== Exercise data ==

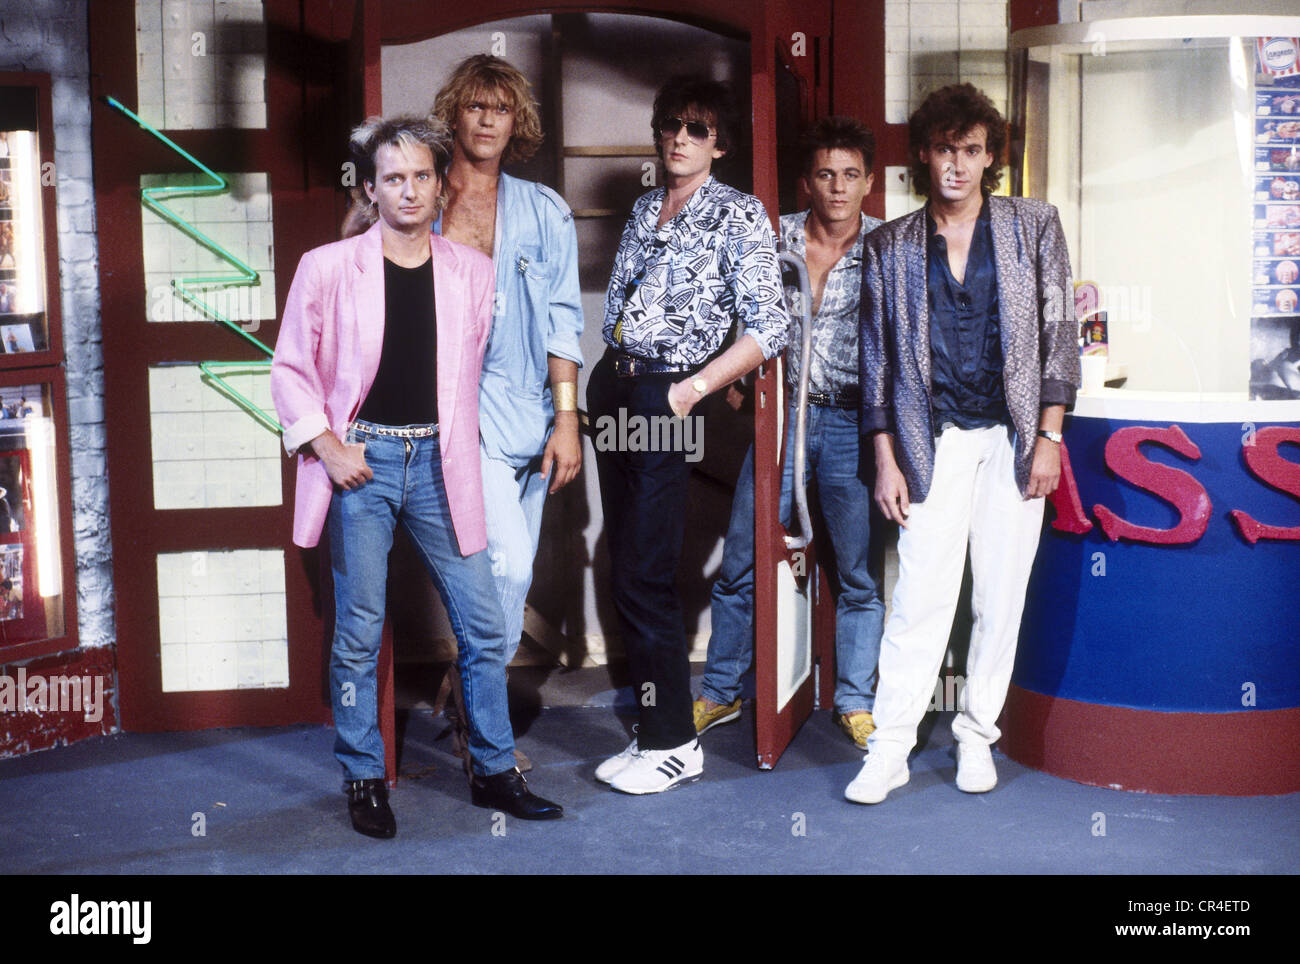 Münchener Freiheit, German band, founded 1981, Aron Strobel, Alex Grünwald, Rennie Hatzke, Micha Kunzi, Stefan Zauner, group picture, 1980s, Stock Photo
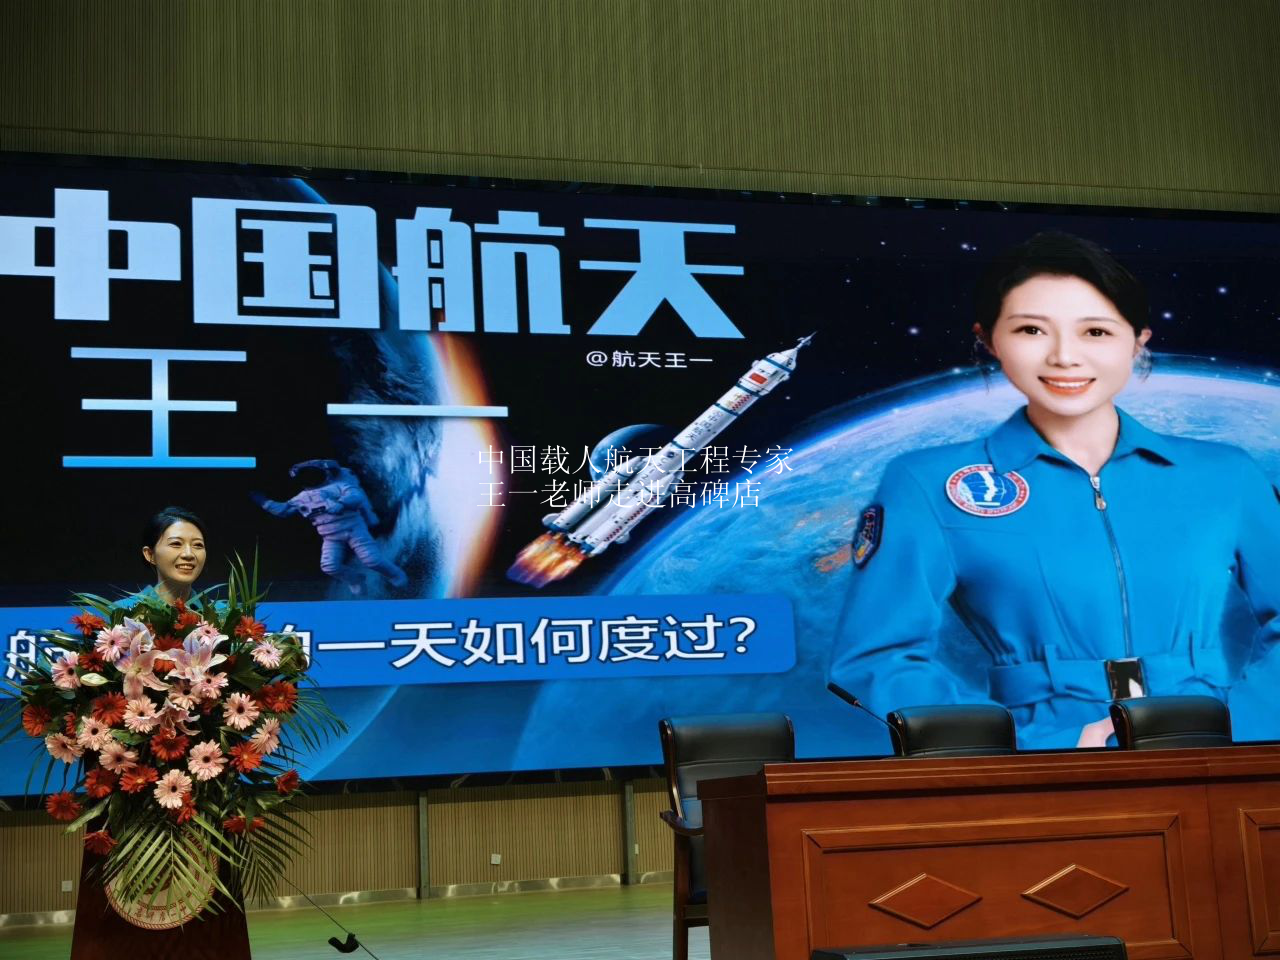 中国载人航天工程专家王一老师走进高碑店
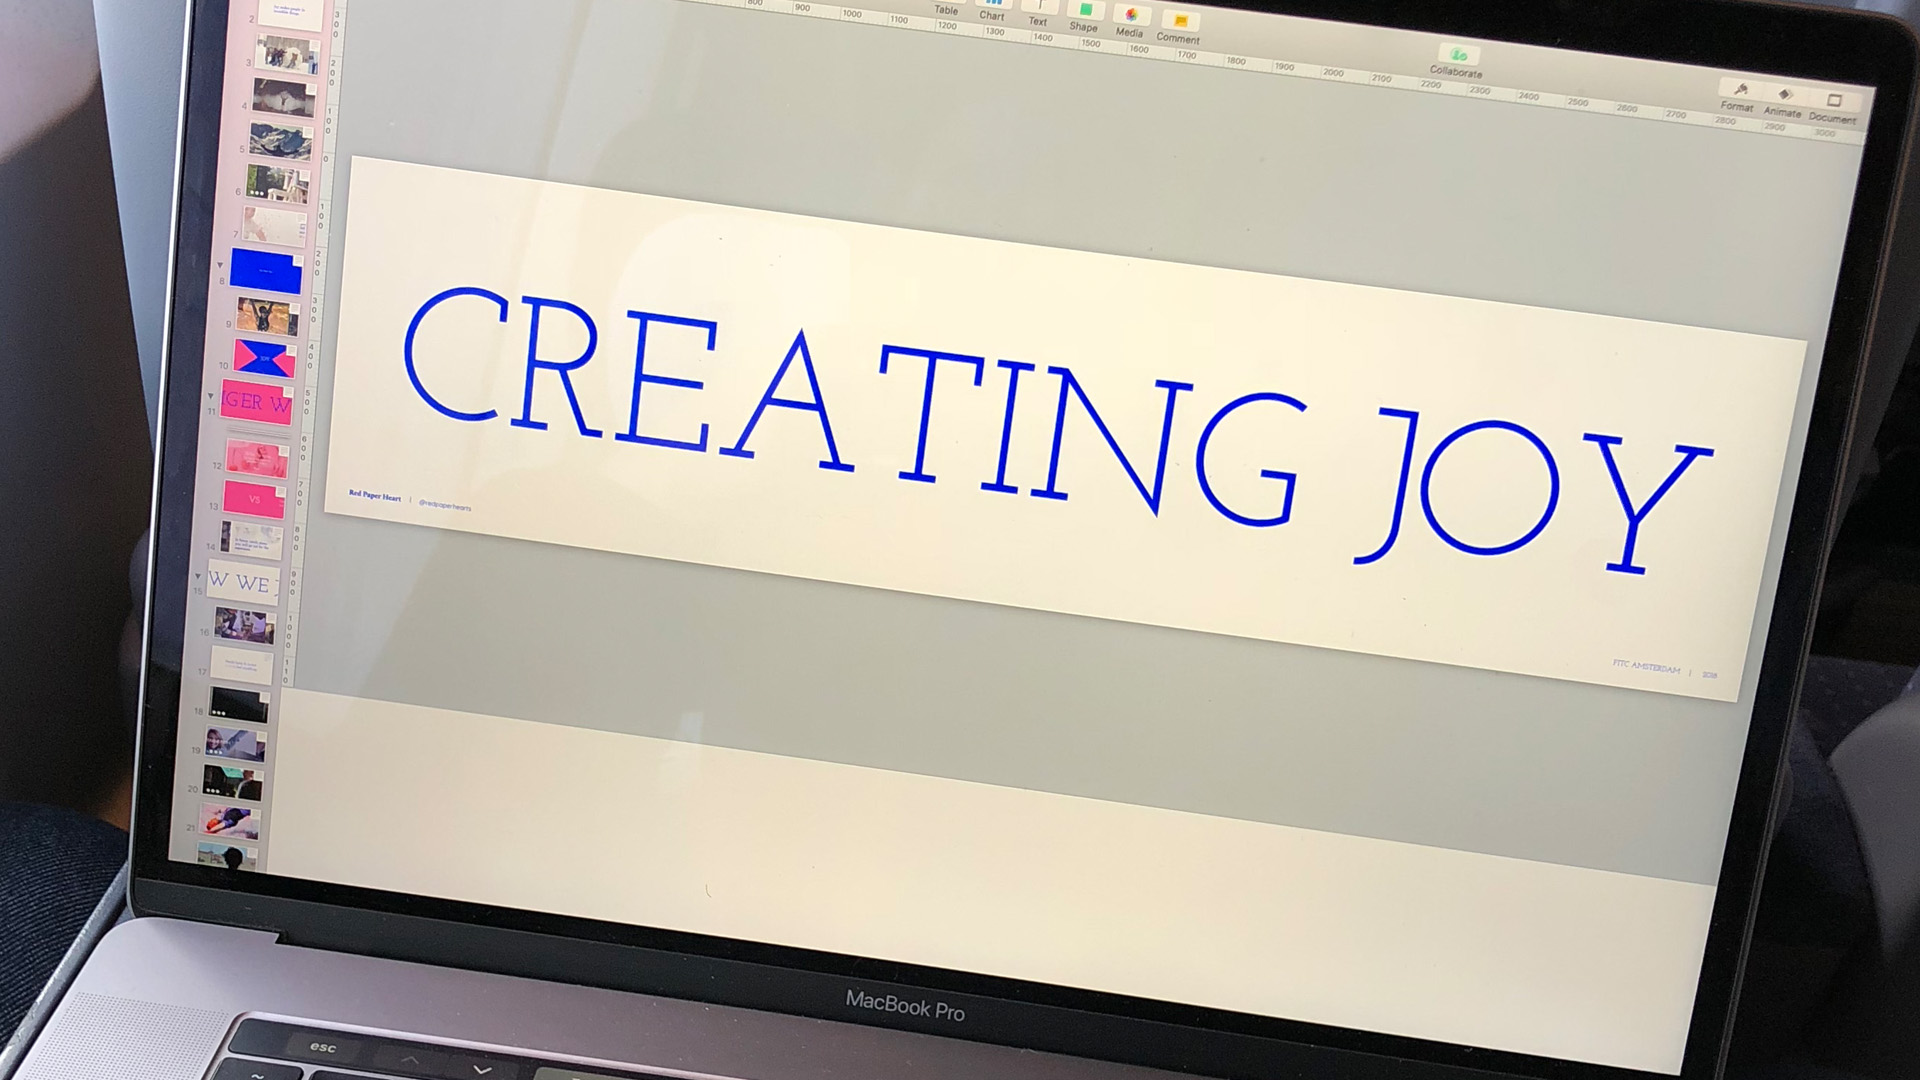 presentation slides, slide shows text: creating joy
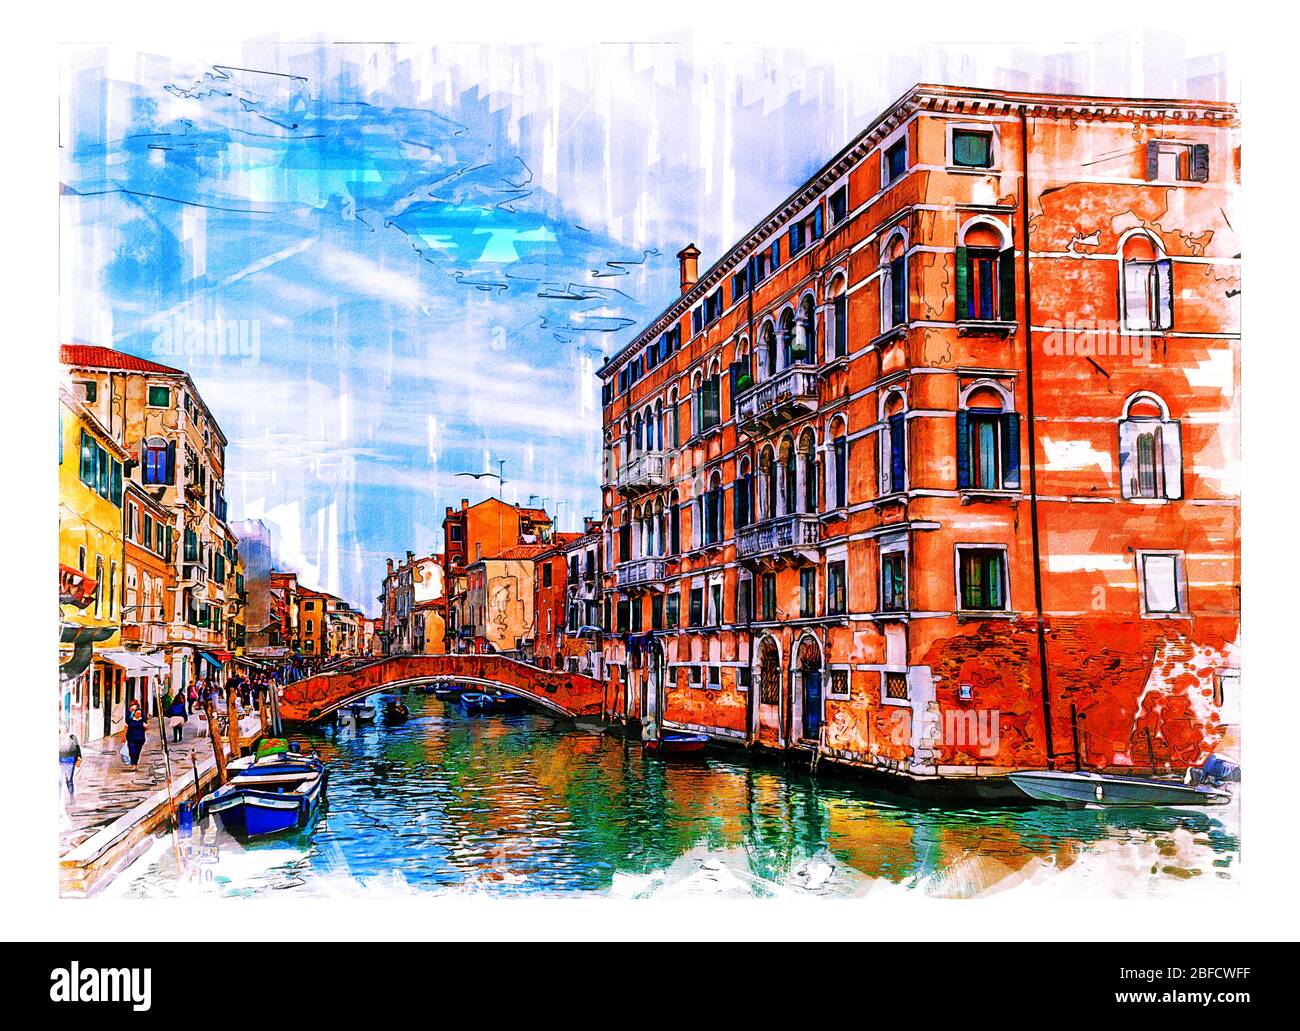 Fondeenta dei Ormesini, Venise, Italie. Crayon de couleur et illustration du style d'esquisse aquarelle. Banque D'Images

== What to work on ==
Please restate, word for word, the lines from the one with "presentation slides, slide" through the final line of the material, both included, and omit the pictures.

== Result of the exercise ==
 presentation slides, slide shows text: creating joy
 Fondeenta dei Ormesini, Venise, Italie. Crayon de couleur et illustration du style d'esquisse aquarelle. Banque D'Images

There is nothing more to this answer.